Work request >>
Only some lines are wanted: please transcribe exactly those from the one containing "TOPMAN, Stretch Skinny" through the end of the data, pictures excluded.

The data >>
....................

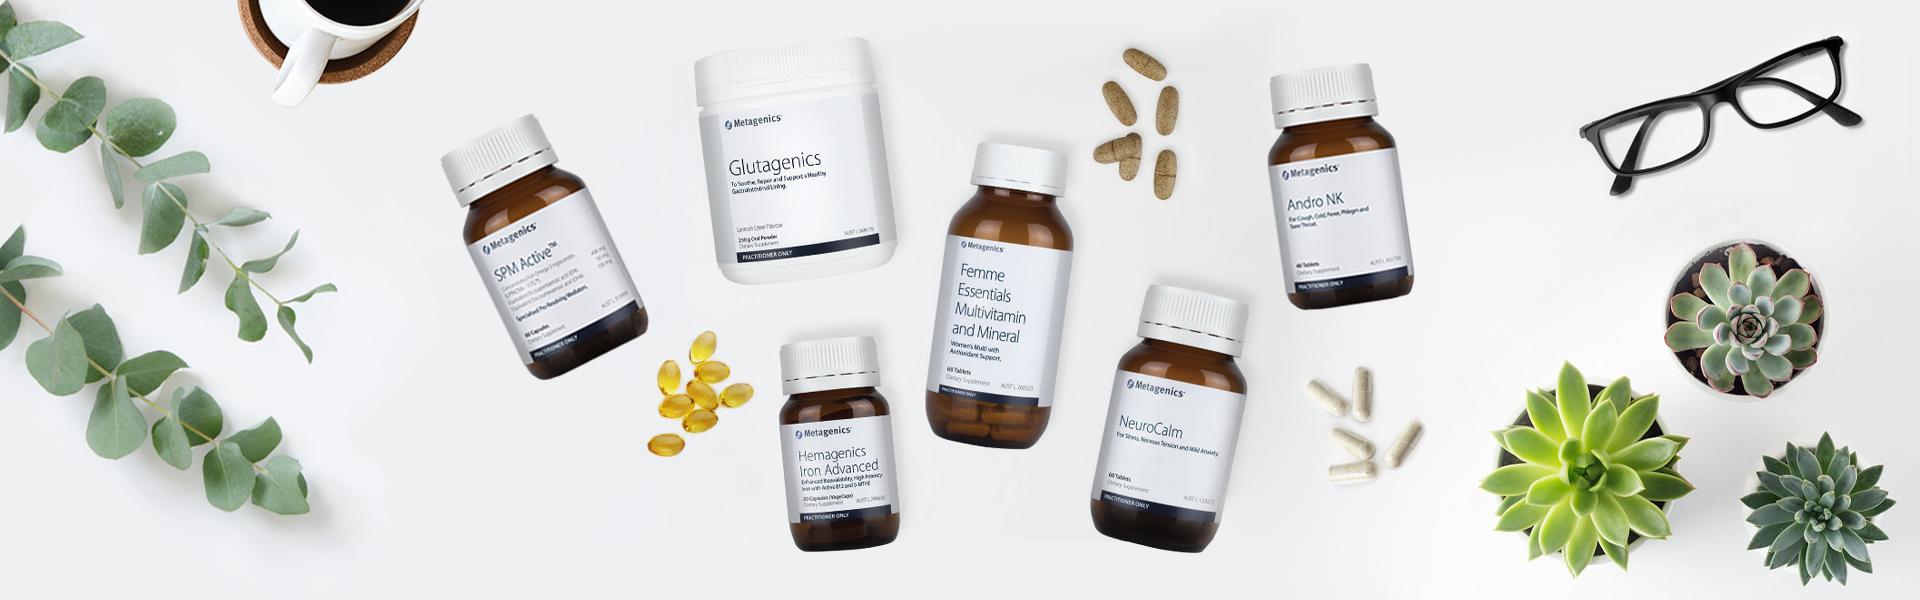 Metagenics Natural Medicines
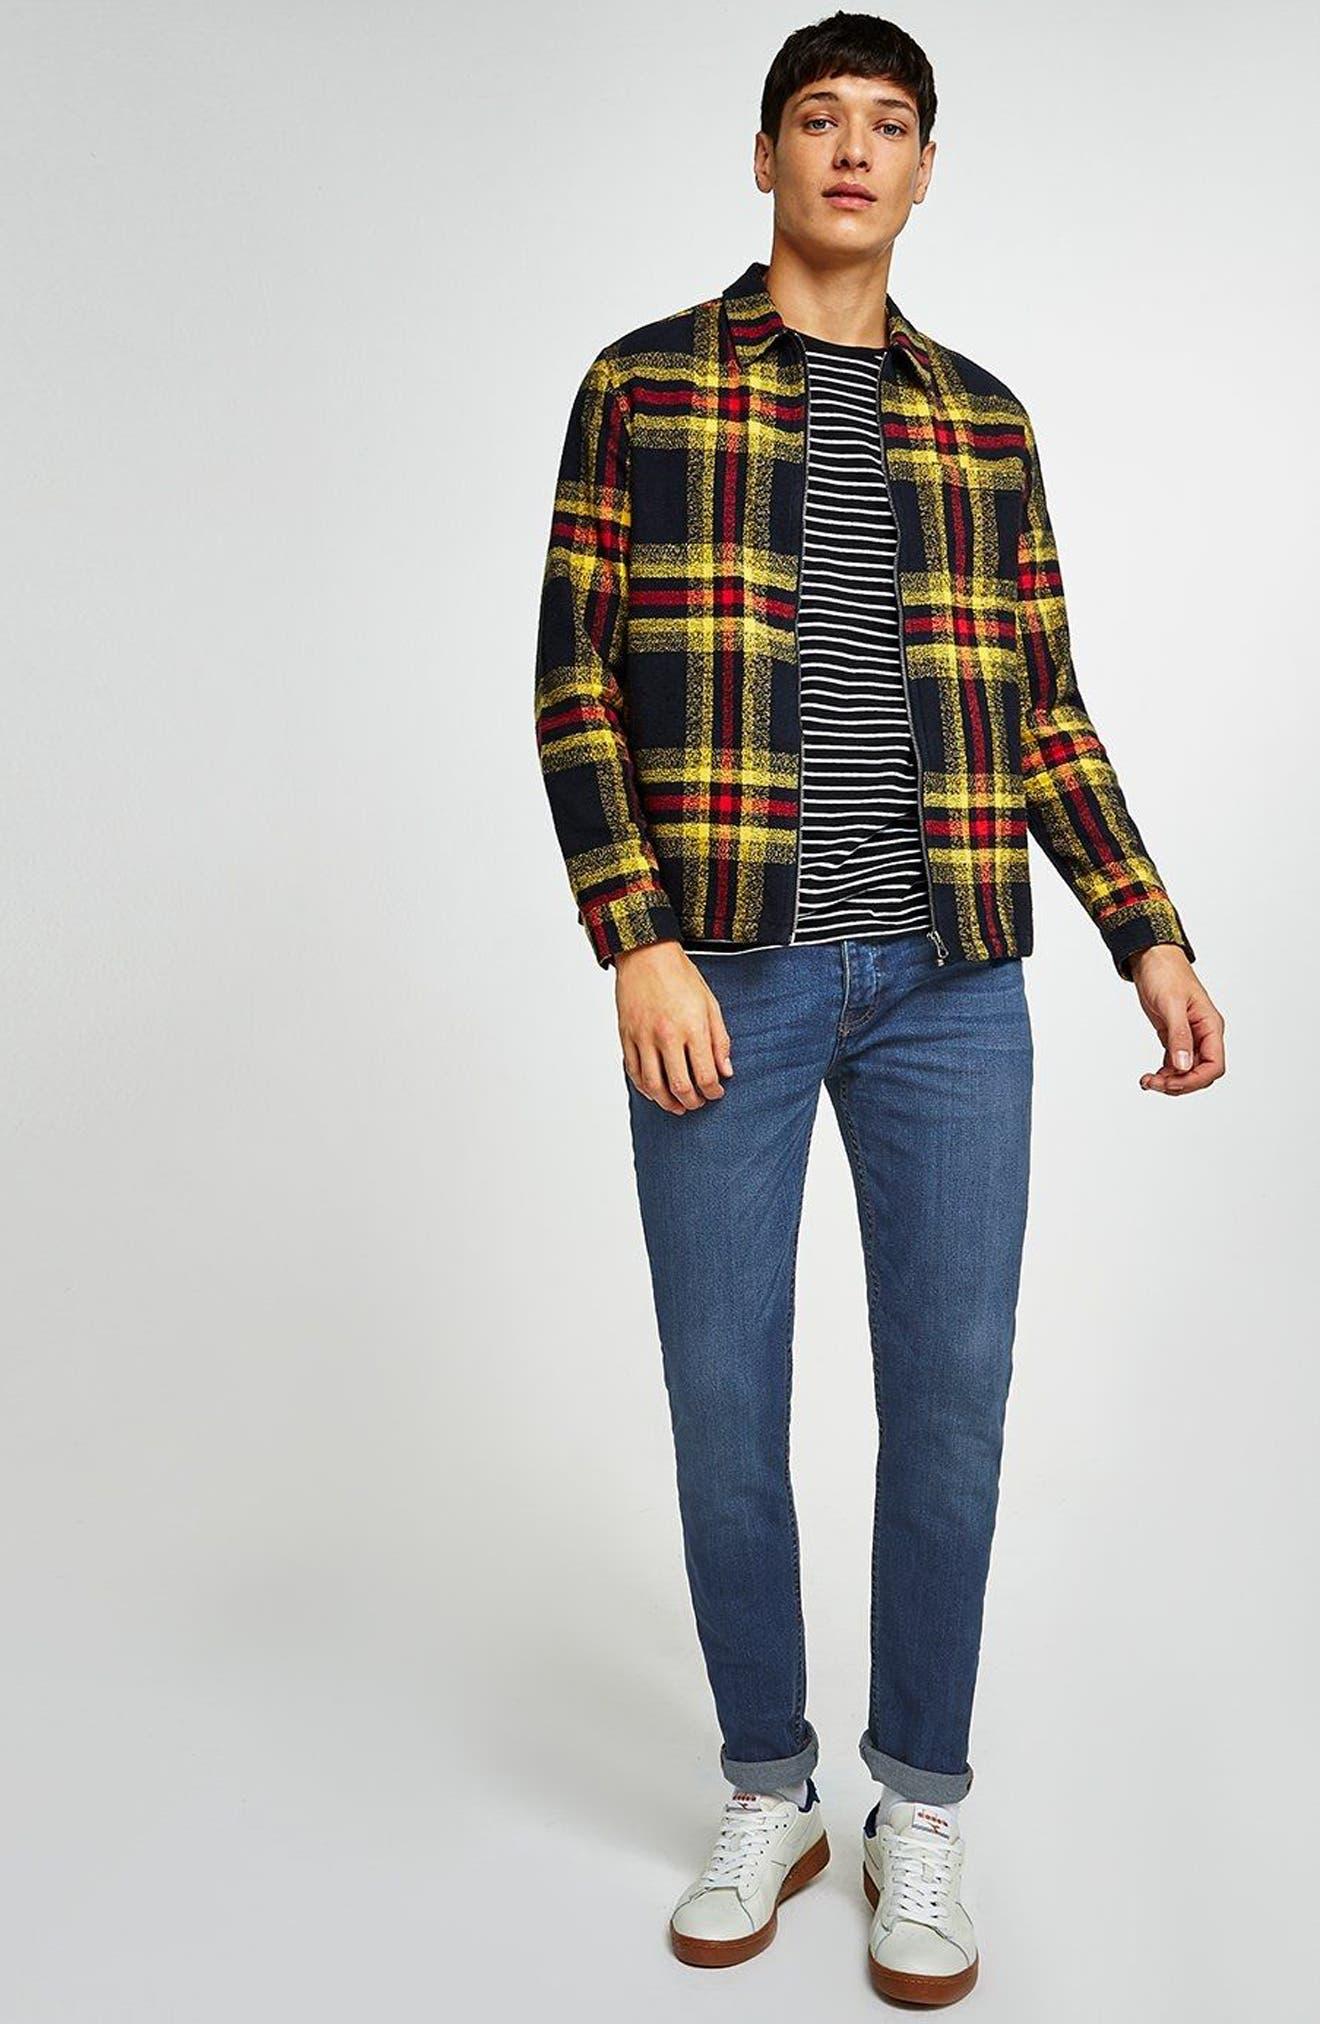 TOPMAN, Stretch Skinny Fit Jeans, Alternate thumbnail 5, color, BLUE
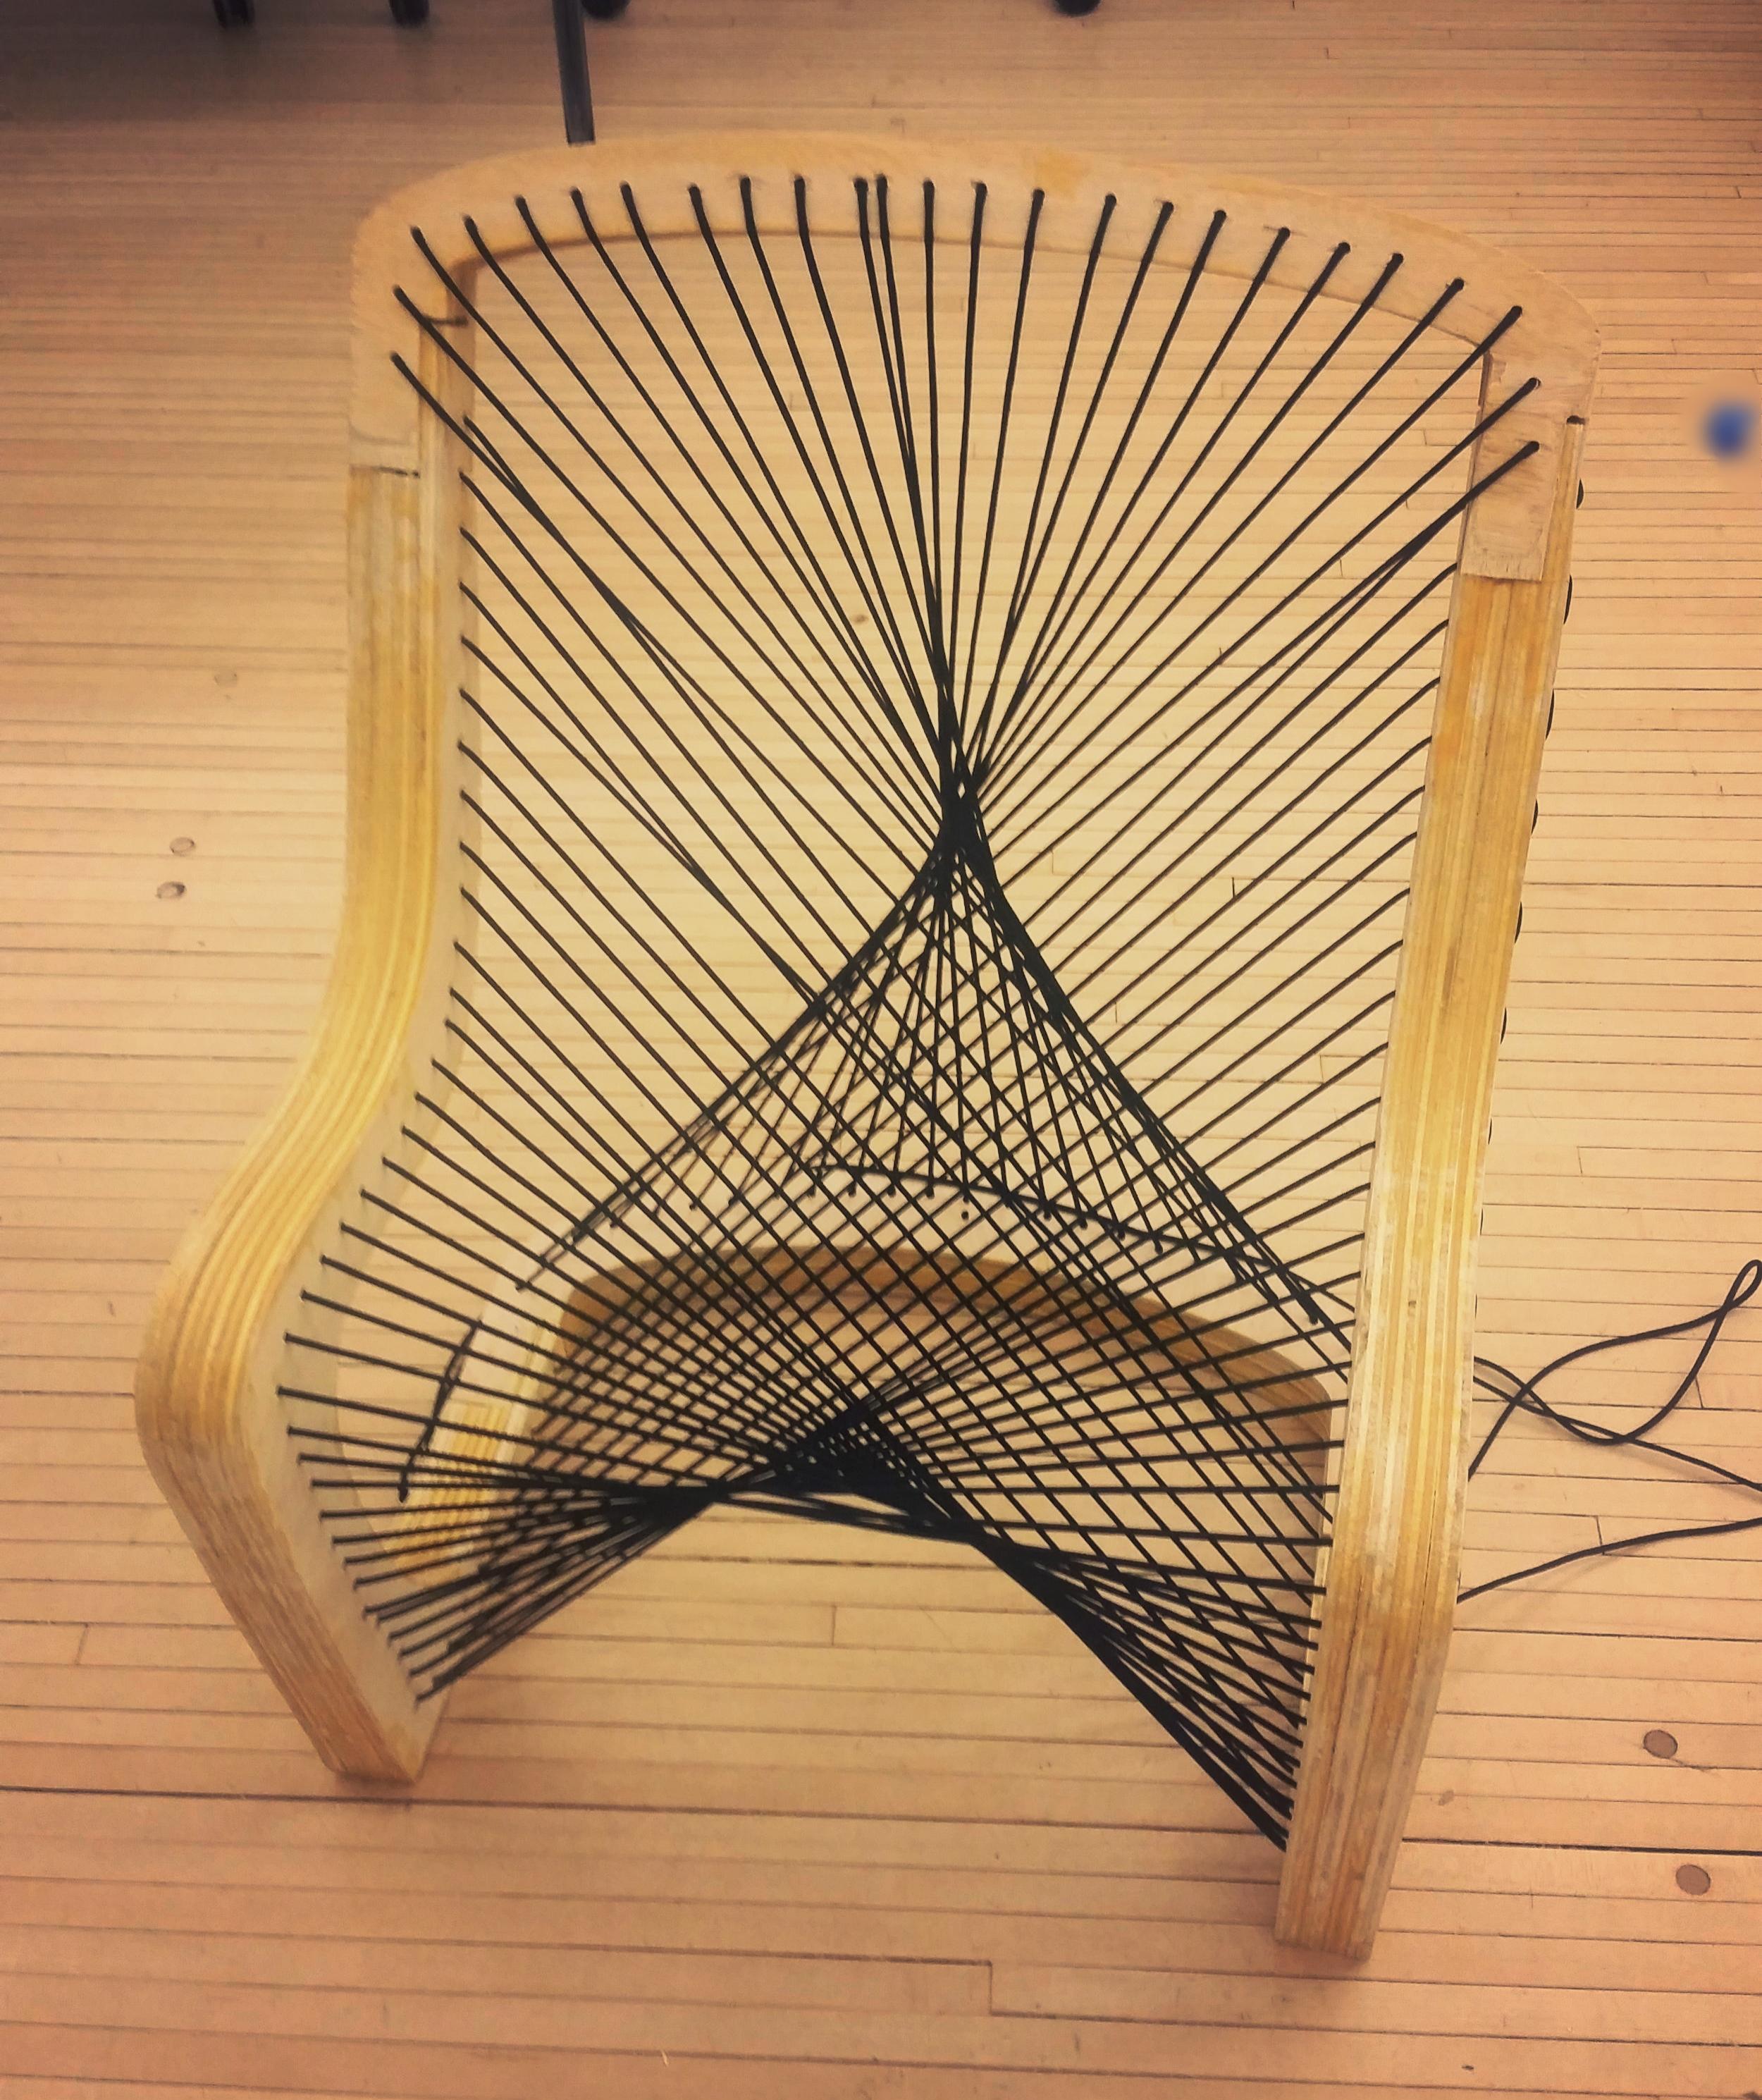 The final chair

....................

Response to the task >>
 TOPMAN, Stretch Skinny Fit Jeans, Alternate thumbnail 5, color, BLUE
 The final chair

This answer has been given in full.